Rap1 is also an important regulator of vascular integrity in the retina. On the one hand, Rap1 promotes VEGF-induced permeability, and its deficiency prevents junctional disruption in retinal endothelial cells, suggesting a protective role against pathological angiogenesis and leakage in diabetic retinopathy [4]. On the other hand, Rap1 enhances junction formation and barrier function under inflammatory and hyperglycemic conditions [109,110]. Thus, Rap1’s effects are stimulus- and context-dependent, with distinct roles depending on the environment.
Endothelial Rap1 signaling has also been implicated in neurovascular disorders. In a rat model of chronic cerebral hypoperfusion (CCH), the flavonoid compound vitexin restored cognitive function and reduced neuronal damage by activating the Epac1/2–Rap1–ERK pathway [111]. Vitexin treatment reversed CCH-induced downregulation of Epac1, Epac2, Rap1, and phospho-ERK and suppressed inflammation via inhibition of the NLR family pyrin domain containing 3 (NLRP3) inflammasome. While this study supports a neurovascular protective role for Rap1 activation, isoform specificity, and endothelial contributions remain to be clarified.
Complementing this, a network pharmacology and molecular docking study identified Rap1 signaling as a potential therapeutic target of Astragalus membranaceus (AM) in vascular cognitive impairment (VCI) [112]. KEGG enrichment analysis highlighted Rap1 alongside phosphoinositide 3-kinase (PI3K)/Akt and MAPK pathways as part of AM’s predicted therapeutic network. Although promising, these findings are computational and require experimental validation to determine the functional relevance of Rap1 signaling—and its isoform specificity—in VCI.
In summary, Rap1 plays a critical physiological role in maintaining vascular integrity across the pulmonary, retinal, and cerebral microvasculature. Its ability to stabilize endothelial junctions, regulate calcium signaling, and suppress inflammation positions it as a versatile therapeutic target for multiple vascular diseases.
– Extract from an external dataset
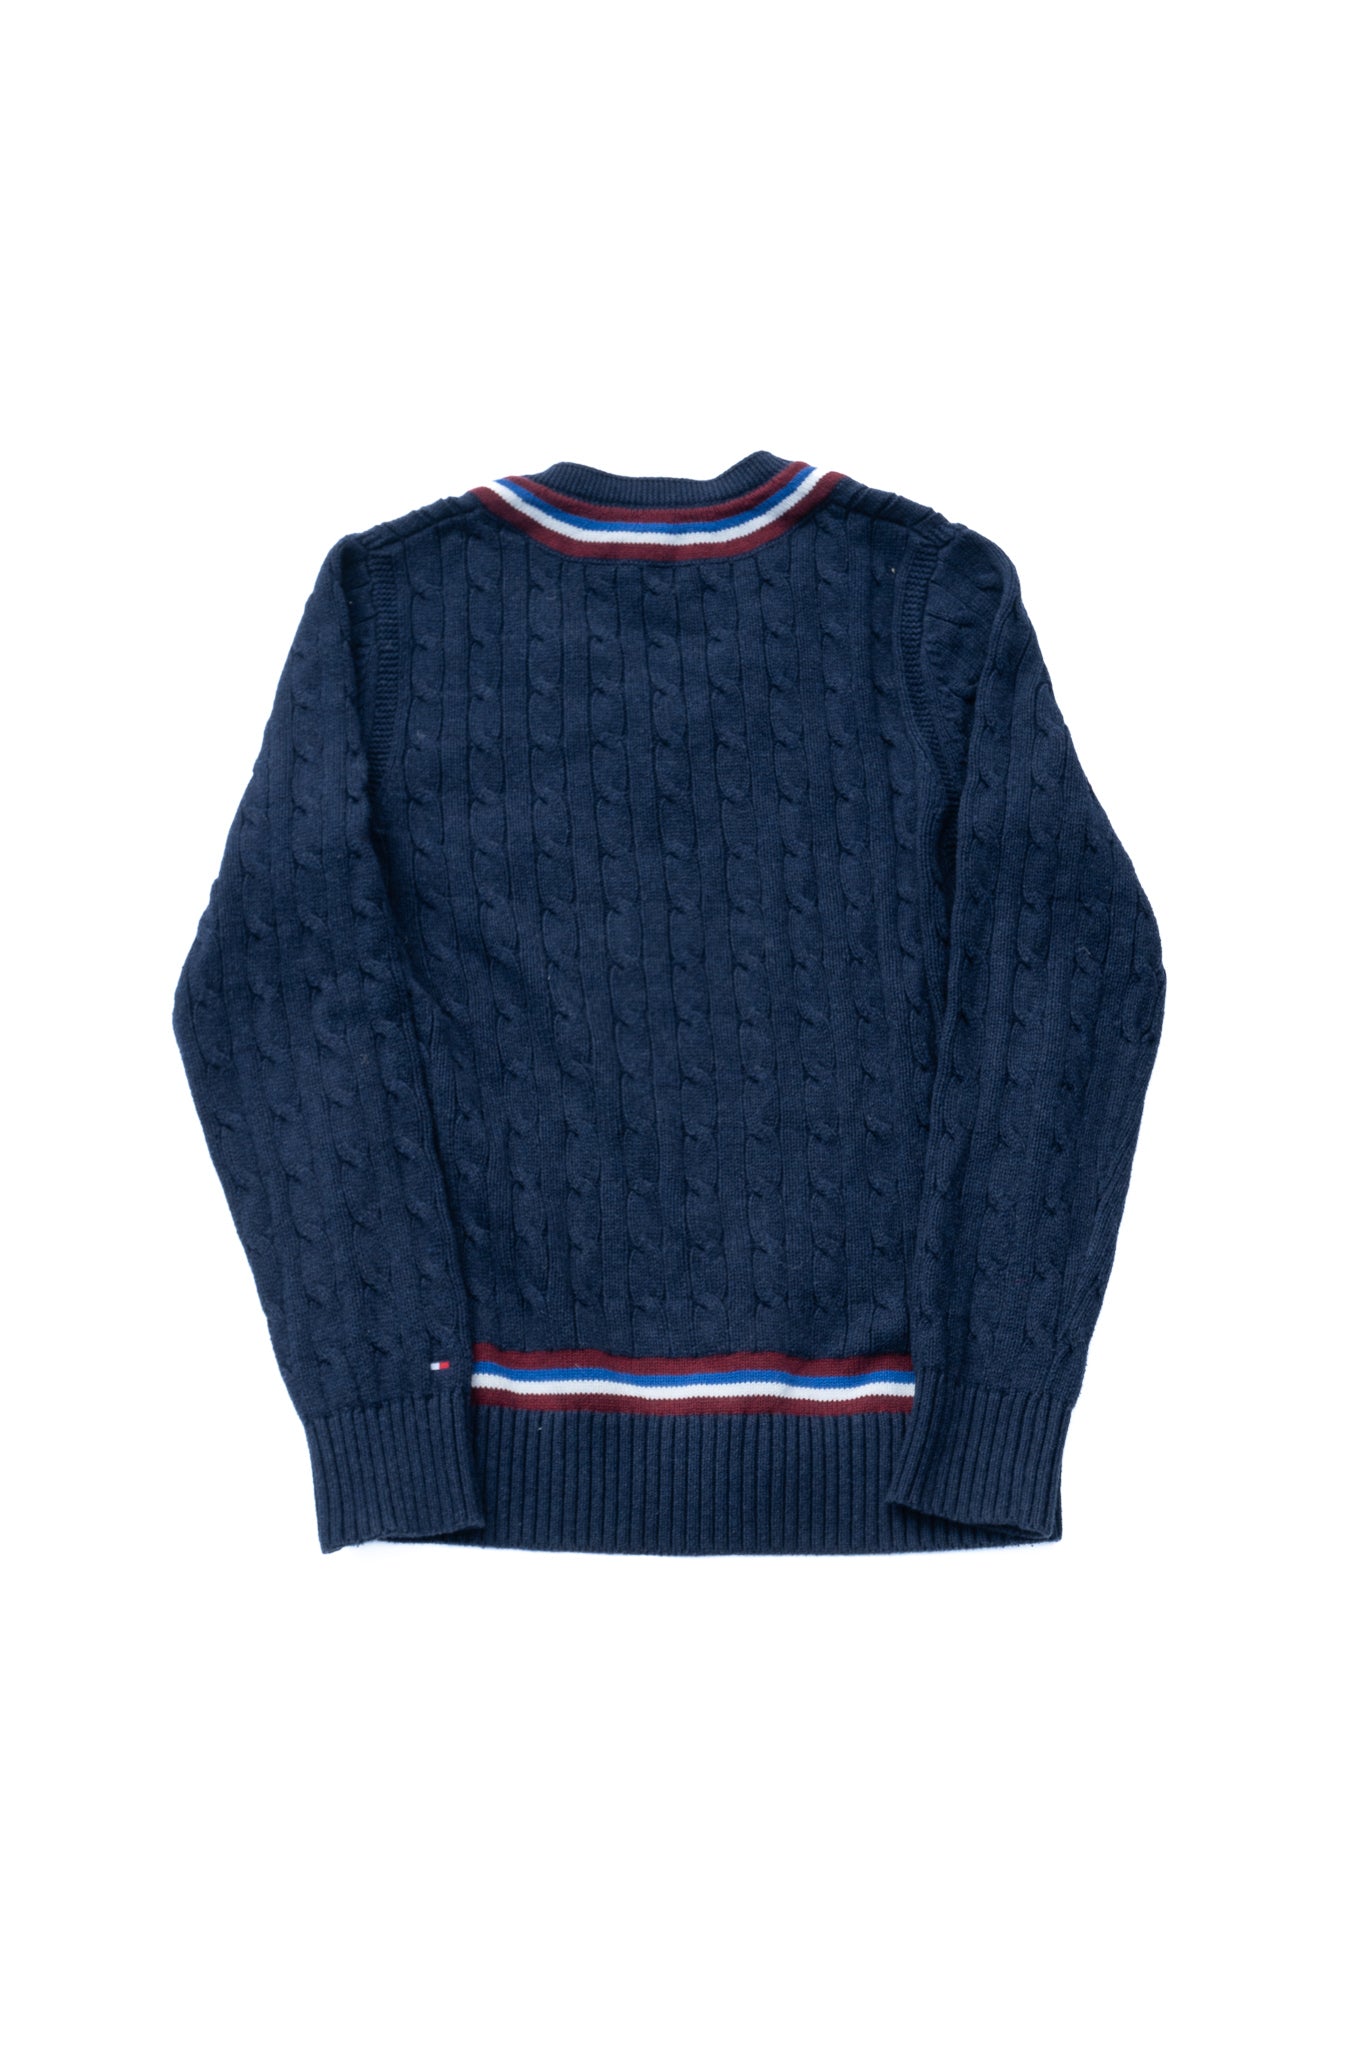 Tommy Hilfiger Preppie Sweater

Future efforts should focus on clarifying isoform-specific mechanisms, developing targeted delivery strategies, and deepening our understanding of Rap1’s physiological roles to fully harness its therapeutic potential.

6.2. Pathological Rap1 Signaling in Tumor Vasculature and Beyond

Rap1B has emerged as a context-dependent regulator of tumor vascular function, promoting both angiogenesis and immune evasion through VEGF–VEGFR2 signaling (see Section 3.1.1 and Section 3.3.1). Although it contributes to endothelial NO production and vascular homeostasis [31,39], Rap1B is also essential for VEGF-driven immunosuppressive signaling in tumors [37]. Selective inhibition of Rap1B may sensitize tumor endothelium to inflammatory cues and enhance immune cell infiltration but must be carefully balanced to preserve its physiological roles. Potential strategies include RNA-based inhibition, nanoparticle-mediated delivery, or disruption of Rap1B-specific post-translational modifications or Rap1B interactions with GEFs and effectors [113].
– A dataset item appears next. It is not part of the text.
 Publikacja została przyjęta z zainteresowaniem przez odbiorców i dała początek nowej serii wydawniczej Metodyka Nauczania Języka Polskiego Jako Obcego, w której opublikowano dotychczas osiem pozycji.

Interestingly, while Rap1B promotes VEGFR2-mediated endothelial anergy and immune evasion, it may also support vascular normalization in VEGF-independent settings. In a murine hepatocellular carcinoma model, lenvatinib enhanced anti-PD-1 therapy by promoting vascular remodeling through a VEGF-compensatory pathway [114]. Specifically, lenvatinib induced the formation of a neuropilin-1–PDGFRβ complex that activated the Crkl–C3G–Rap1 signaling cascade, thereby strengthening endothelial–pericyte interactions. Although Rap1 activation was observed in human endothelial cells in vitro, its contribution to vascular remodeling in the tumor microenvironment remains to be confirmed in vivo. These findings suggest that Rap1 may exert immunosuppressive effects when driven by VEGF but may support vascular normalization and immune activation when engaged by alternative pathways such as PDGFRβ [114].
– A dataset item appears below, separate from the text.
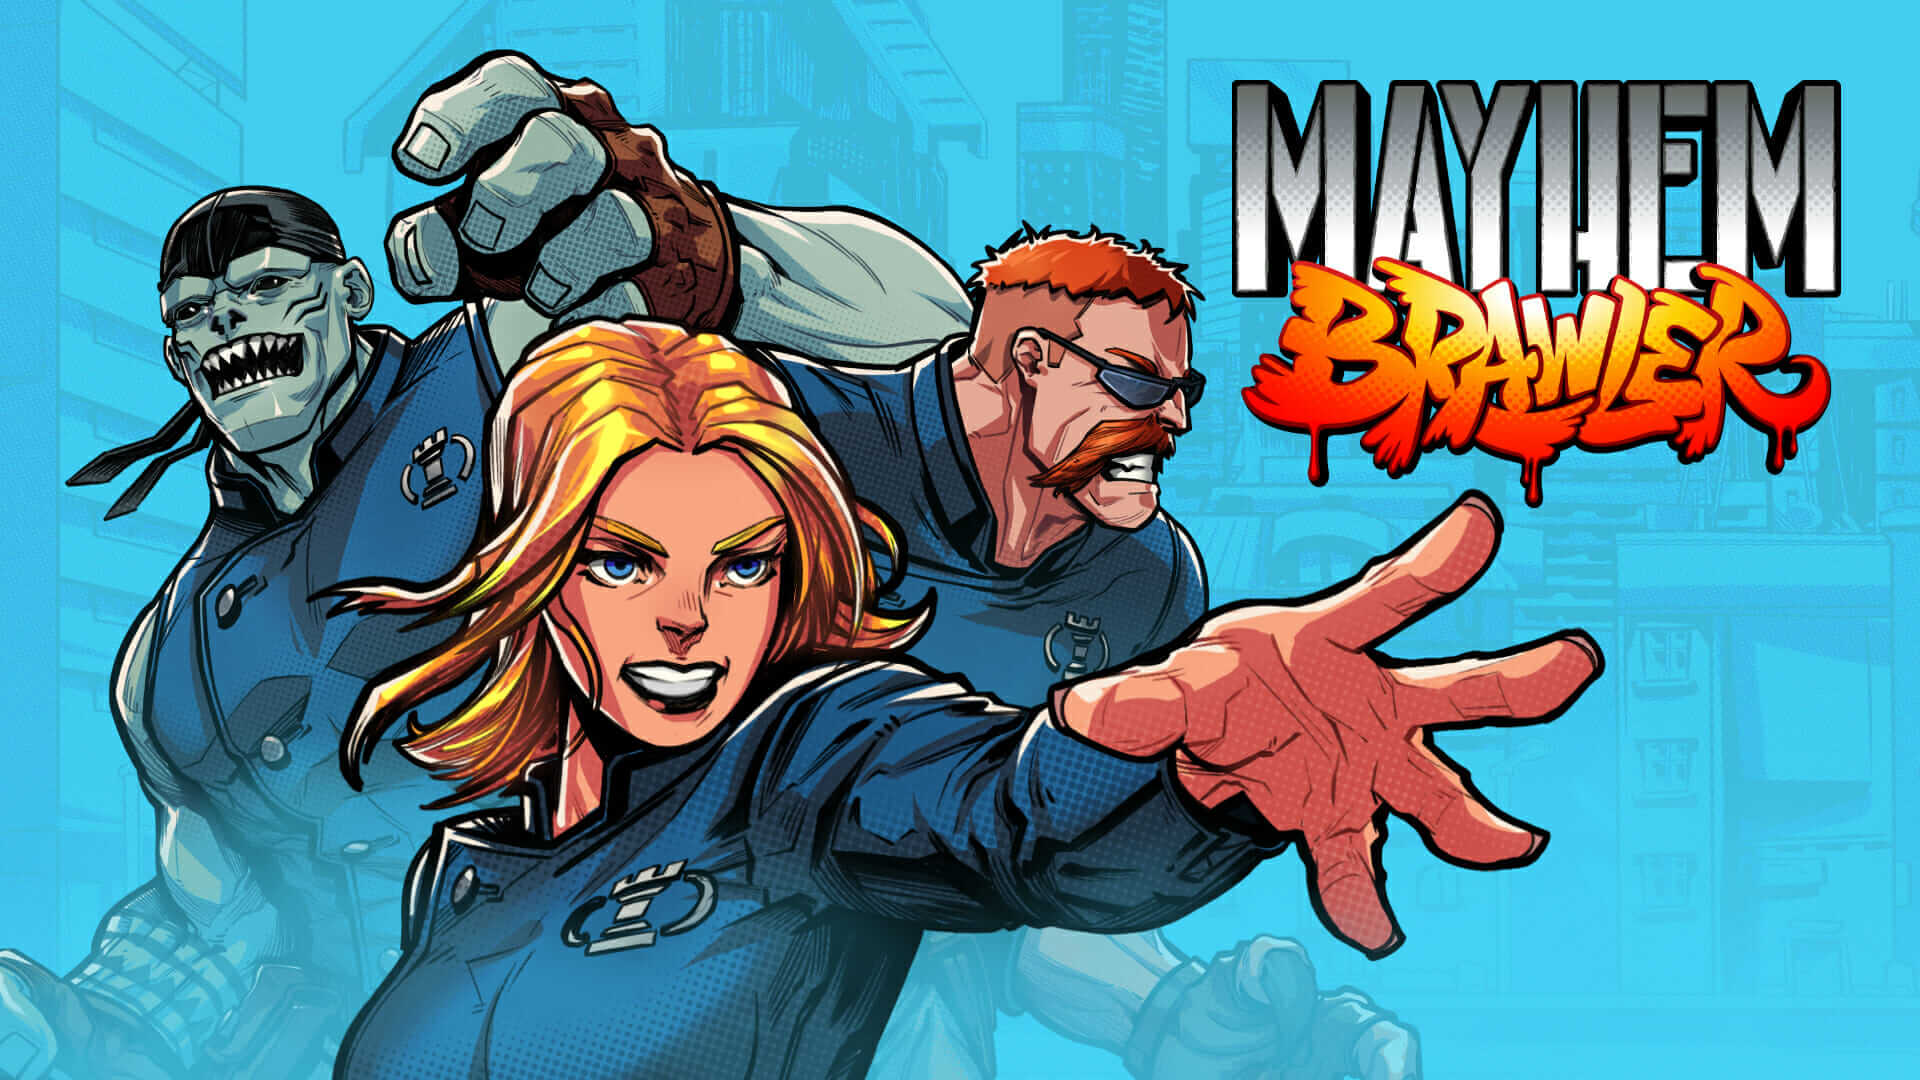 Mayhem Brawler/ Отряд на дежурстве-вторая сюжетная линия / Прохождение #6 Второй Финал

Supporting its relevance as a therapeutic target, single-cell transcriptomic analyses have identified elevated Rap1B expression in tumor-associated endothelial cells across multiple cancers, including lung, colorectal, and ovarian tumors [37,113,115]. Similar enrichment of the Rap1 pathway has been reported in esophageal squamous cell carcinoma (ESCC) [116]. Rap1 signaling was among the top KEGG-enriched pathways in endothelial cells from lower ESCC, associated with calcium regulation, cytoskeletal remodeling, and cell survival, while upper ESCC endothelial cells showed enrichment in anti-apoptotic and intracellular signaling programs, including increased expression of ARHGEF12—a GEF known to activate Rap1A in specific vascular contexts [116].
Outside of carcinoma, Rap1 signaling was among the top enriched KEGG pathways in infantile hemangiomas based on differentially expressed genes [117], though specific effectors were not detailed. In craniopharyngioma, endothelial cells displayed a distinct pro-angiogenic transcriptomic profile enriched in Rap1, PI3K-Akt, Ras, and Wnt pathways, implicating Rap1 in aberrant neovascularization around tumor epithelial structures [118]. While these associations are derived from in silico analysis of scRNA-seq datasets, functional validation remains essential to confirm the mechanistic and therapeutic relevance of Rap1 signaling in each disease context.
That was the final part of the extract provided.